**DATA FOR THE TASK**
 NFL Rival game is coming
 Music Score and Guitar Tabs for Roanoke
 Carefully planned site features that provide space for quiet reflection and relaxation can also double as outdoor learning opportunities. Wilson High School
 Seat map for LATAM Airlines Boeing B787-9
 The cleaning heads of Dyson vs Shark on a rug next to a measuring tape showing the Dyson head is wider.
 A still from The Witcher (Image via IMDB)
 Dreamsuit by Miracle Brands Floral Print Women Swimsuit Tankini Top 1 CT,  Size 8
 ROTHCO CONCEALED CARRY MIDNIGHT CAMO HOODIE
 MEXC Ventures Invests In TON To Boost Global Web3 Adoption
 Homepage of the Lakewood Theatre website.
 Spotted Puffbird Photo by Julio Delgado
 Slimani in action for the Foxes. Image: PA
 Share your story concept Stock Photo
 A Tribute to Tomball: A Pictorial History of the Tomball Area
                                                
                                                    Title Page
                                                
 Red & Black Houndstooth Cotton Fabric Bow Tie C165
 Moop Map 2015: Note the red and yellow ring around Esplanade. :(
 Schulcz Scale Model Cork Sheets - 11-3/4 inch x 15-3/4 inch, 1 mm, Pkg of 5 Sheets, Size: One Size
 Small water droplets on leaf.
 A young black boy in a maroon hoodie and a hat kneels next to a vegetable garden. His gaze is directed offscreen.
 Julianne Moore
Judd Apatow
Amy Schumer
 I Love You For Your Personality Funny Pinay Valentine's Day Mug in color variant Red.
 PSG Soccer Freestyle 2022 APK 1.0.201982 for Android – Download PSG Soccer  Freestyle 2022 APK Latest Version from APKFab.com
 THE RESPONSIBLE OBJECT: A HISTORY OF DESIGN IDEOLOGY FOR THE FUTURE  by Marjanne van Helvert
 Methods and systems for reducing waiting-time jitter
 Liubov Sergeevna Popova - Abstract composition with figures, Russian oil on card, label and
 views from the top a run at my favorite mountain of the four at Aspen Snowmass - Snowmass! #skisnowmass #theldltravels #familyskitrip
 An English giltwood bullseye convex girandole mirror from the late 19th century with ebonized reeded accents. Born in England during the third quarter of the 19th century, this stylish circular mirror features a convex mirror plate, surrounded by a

**DIRECTIONS**
Return the records exactly, every line included.

**WRITTEN RESPONSE**
 NFL Rival game is coming
 Music Score and Guitar Tabs for Roanoke
 Carefully planned site features that provide space for quiet reflection and relaxation can also double as outdoor learning opportunities. Wilson High School
 Seat map for LATAM Airlines Boeing B787-9
 The cleaning heads of Dyson vs Shark on a rug next to a measuring tape showing the Dyson head is wider.
 A still from The Witcher (Image via IMDB)
 Dreamsuit by Miracle Brands Floral Print Women Swimsuit Tankini Top 1 CT,  Size 8
 ROTHCO CONCEALED CARRY MIDNIGHT CAMO HOODIE
 MEXC Ventures Invests In TON To Boost Global Web3 Adoption
 Homepage of the Lakewood Theatre website.
 Spotted Puffbird Photo by Julio Delgado
 Slimani in action for the Foxes. Image: PA
 Share your story concept Stock Photo
 A Tribute to Tomball: A Pictorial History of the Tomball Area
                                                
                                                    Title Page
                                                
 Red & Black Houndstooth Cotton Fabric Bow Tie C165
 Moop Map 2015: Note the red and yellow ring around Esplanade. :(
 Schulcz Scale Model Cork Sheets - 11-3/4 inch x 15-3/4 inch, 1 mm, Pkg of 5 Sheets, Size: One Size
 Small water droplets on leaf.
 A young black boy in a maroon hoodie and a hat kneels next to a vegetable garden. His gaze is directed offscreen.
 Julianne Moore
Judd Apatow
Amy Schumer
 I Love You For Your Personality Funny Pinay Valentine's Day Mug in color variant Red.
 PSG Soccer Freestyle 2022 APK 1.0.201982 for Android – Download PSG Soccer  Freestyle 2022 APK Latest Version from APKFab.com
 THE RESPONSIBLE OBJECT: A HISTORY OF DESIGN IDEOLOGY FOR THE FUTURE  by Marjanne van Helvert
 Methods and systems for reducing waiting-time jitter
 Liubov Sergeevna Popova - Abstract composition with figures, Russian oil on card, label and
 views from the top a run at my favorite mountain of the four at Aspen Snowmass - Snowmass! #skisnowmass #theldltravels #familyskitrip
 An English giltwood bullseye convex girandole mirror from the late 19th century with ebonized reeded accents. Born in England during the third quarter of the 19th century, this stylish circular mirror features a convex mirror plate, surrounded by a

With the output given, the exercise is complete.